| SOURCE DATA |

• • •

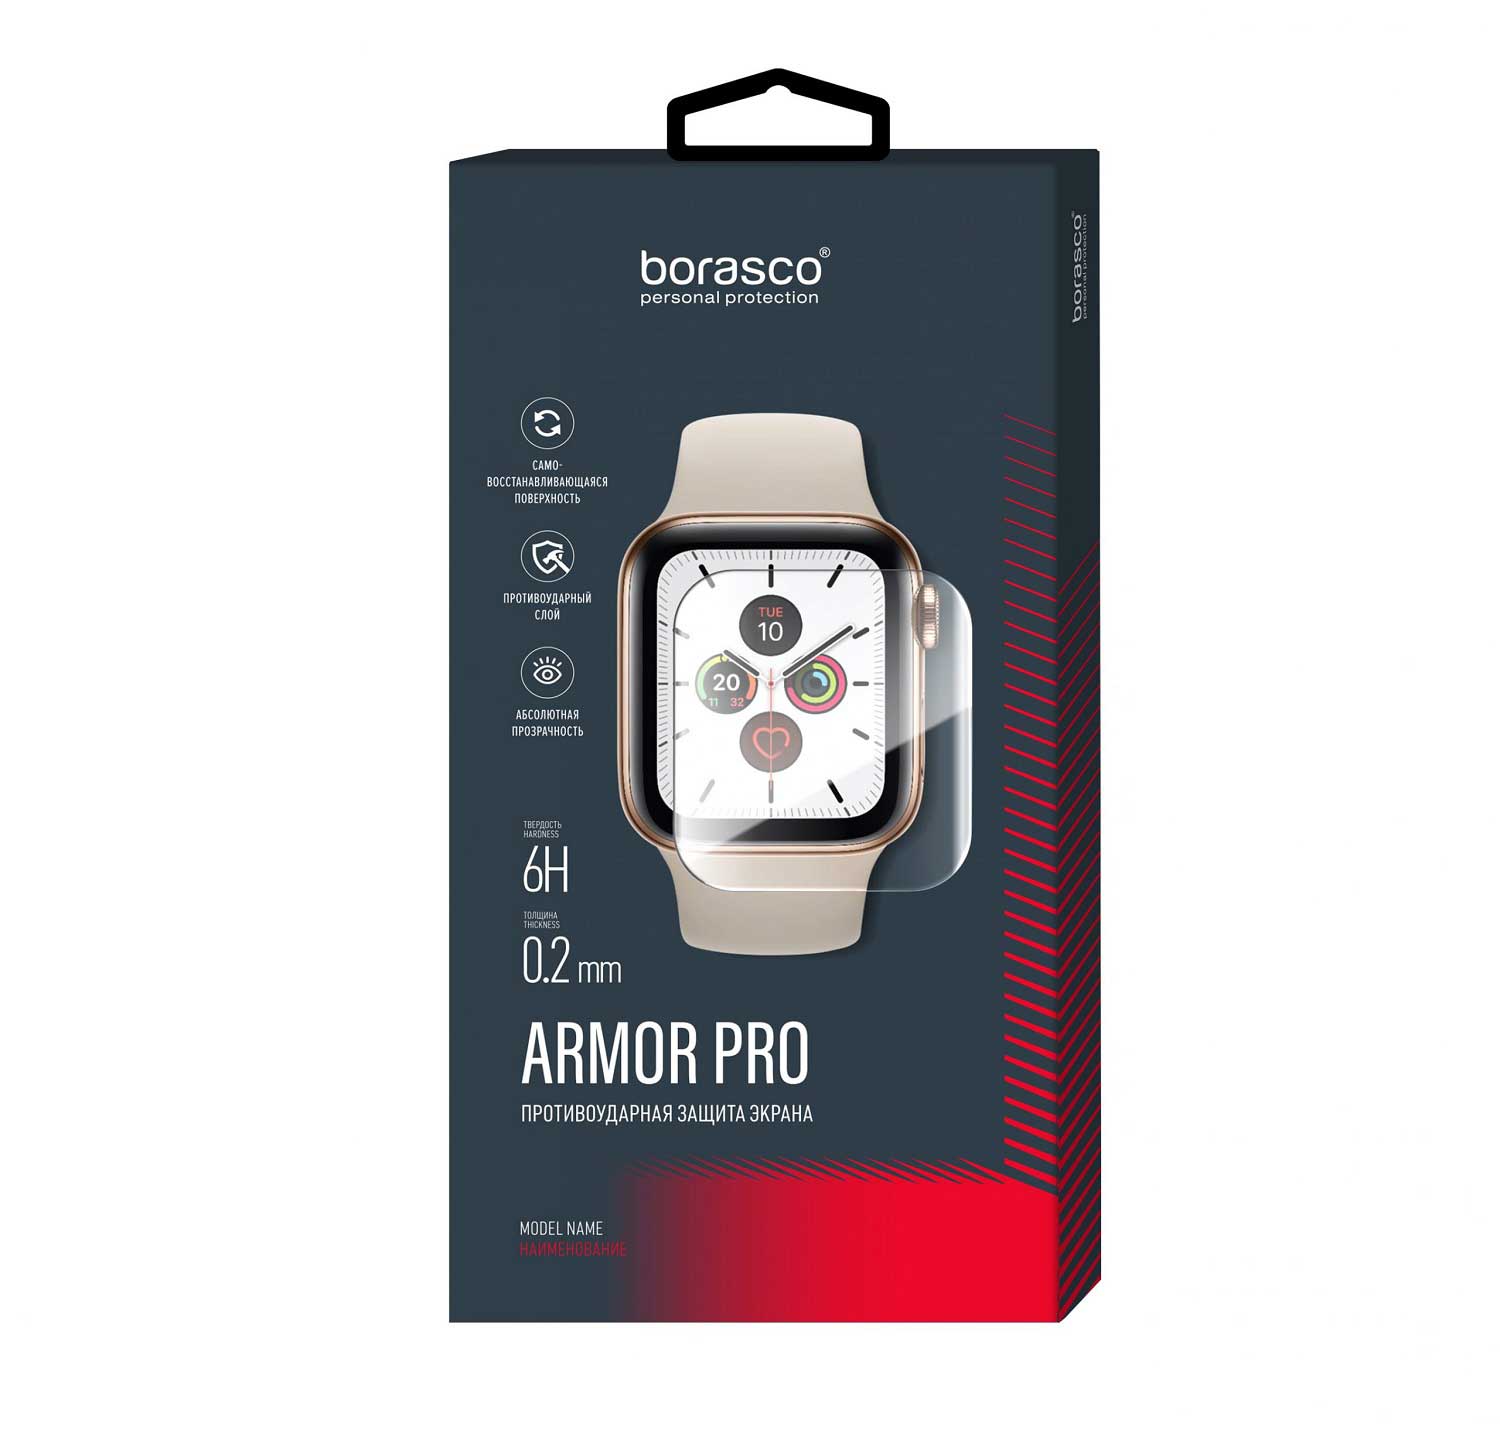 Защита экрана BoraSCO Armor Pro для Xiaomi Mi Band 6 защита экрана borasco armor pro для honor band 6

• • •

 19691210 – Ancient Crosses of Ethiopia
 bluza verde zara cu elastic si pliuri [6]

• • •

| AIM OF THE EXERCISE |
Taking the entries above, write out exactly each line from the one holding "19691210 – Ancient Crosses of Ethiopia" to the one holding "bluza verde zara cu elastic si pliuri [6]", both included, and stop there.

| RESULT OF THIS EXERCISE |
 19691210 – Ancient Crosses of Ethiopia
 bluza verde zara cu elastic si pliuri [6]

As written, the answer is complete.